Mumbai, New Delhi among 5 cheapest places in world

A global survey has found two key Indian cities - Mumbai & New Delhi - to be amongst the five cheapest places to live.

New Delhi: Government may be finding it difficult to battle soaring inflation in the country, but a global survey has found two key Indian cities -- Mumbai and New Delhi -- to be amongst the five cheapest places to live.

In a Worldwide Cost of Living Survey, India`s financial
capital Mumbai has been ranked third cheapest place to live,
while national capital New Delhi is fifth.

The annual survey, conducted by international research
firm Economist Intelligence Unit, claims to rank as many as
134 major places across the world on the basis of costs of
various items ranging from food to transport to toiletries.

In this year`s ranking of costliest cities of the world, Mumbai has been placed at 131st position, up a place from 132nd a year ago, while New Delhi has remained at 129th.
The only two places found to be cheaper than Mumbai are
Tunis in Tunisia and Karachi in Pakistan. Tehran in Iran has
been ranked as cheaper than New Delhi at 130th position.

Japan`s Tokyo has been ranked as the costliest place in
the world, followed by Oslo (Norway), Japan`s Osaka Kobe,
Paris (France) and Zurich (Switzerland) in the top five.

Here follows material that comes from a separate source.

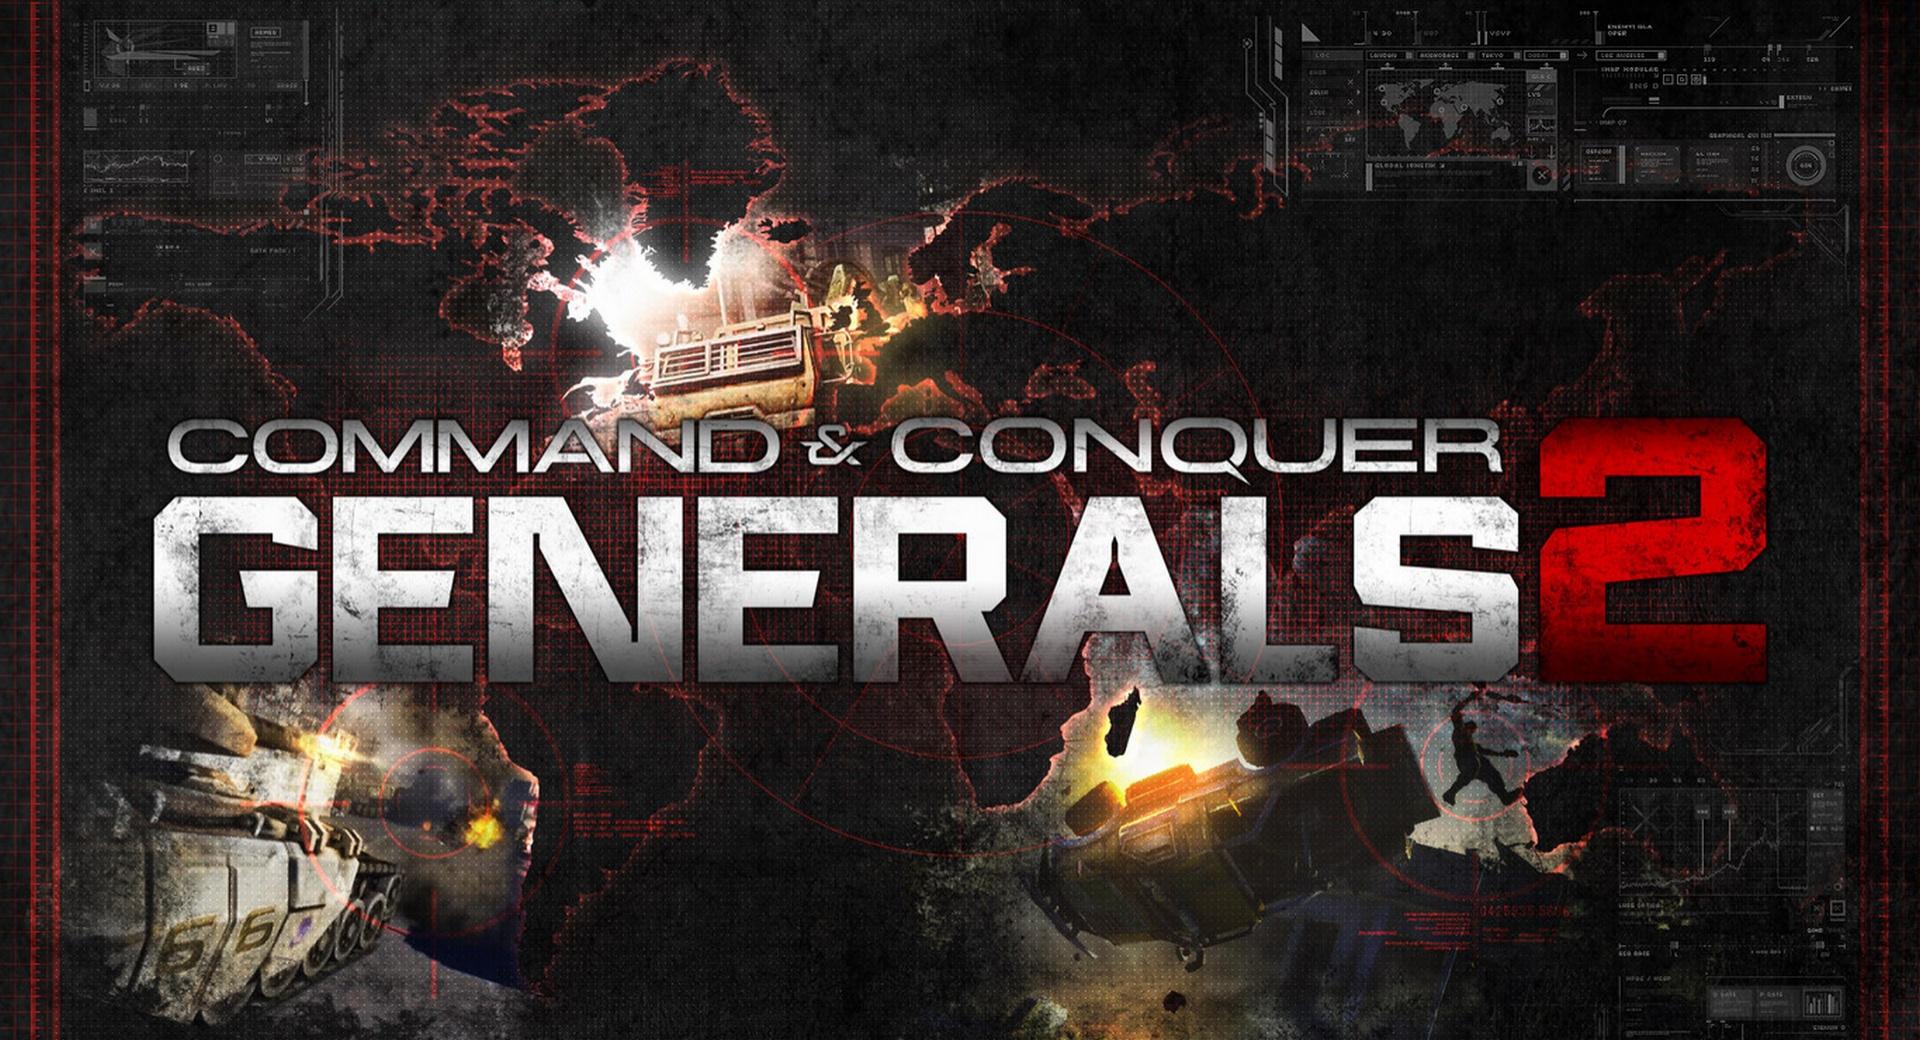 CC Generals 2 at 1024 x 1024 iPad size wallpapers HD quality

Others in the top-ten include Sydney, Melbourne,
Frankfurt, Geneva and Singapore.

The Indian cities` ranking among five cheapest has come
as a surprise, as soaring prices have been a matter of grave
concern for common man as also policymakers in the country.

Only yesterday, the Finance Minister Pranab Mukherjee
said there was inflationary pressure in the economy, although
inflation in the food segment has declined marginally.

He also said that the overall inflation figure for the
month of June could see some upward movement, from 9.06 per
cent recorded in May.
The 10 cheapest cities in the world have a strong
presence in the Indian subcontinent and the Middle East and
North Africa.

"Despite the rise of India as a growing emerging-market
economy, the low cost of living in cities continues to reflect
the fact that the subcontinent remains a comparatively cheap
place to live and work," the survey said.

Karachi in Pakistan is the cheapest location surveyed,
with a cost of living level at less than one-half of that of
New York and one-third of that of Tokyo, the report said.

Karachi is joined in the bottom ten by Dhaka (Bangladesh)
and the Indian cities of Mumbai and New Delhi.

Cities in the Middle East and North Africa make up most
of the rest of the cheapest locations.

Algiers (Algeria), Tehran (Iran) Tunis (Tunisia) and
Jeddah (Saudi Arabia) all feature in the bottom 10.
"The low cost of living in these locations is driven by a
mix of weakened currencies, low levels of development and, in
some cases, price controls and subsidies on staple goods," the
survey said.

The two remaining cheapest cities in the world include
Manila (Philippines) and Panama City (Panama).

Colombo (Sri Lanka), is the only other city surveyed on
the Indian subcontinent, that is one of the 20 cheapest cities
and was ranked at the 114th place in the survey.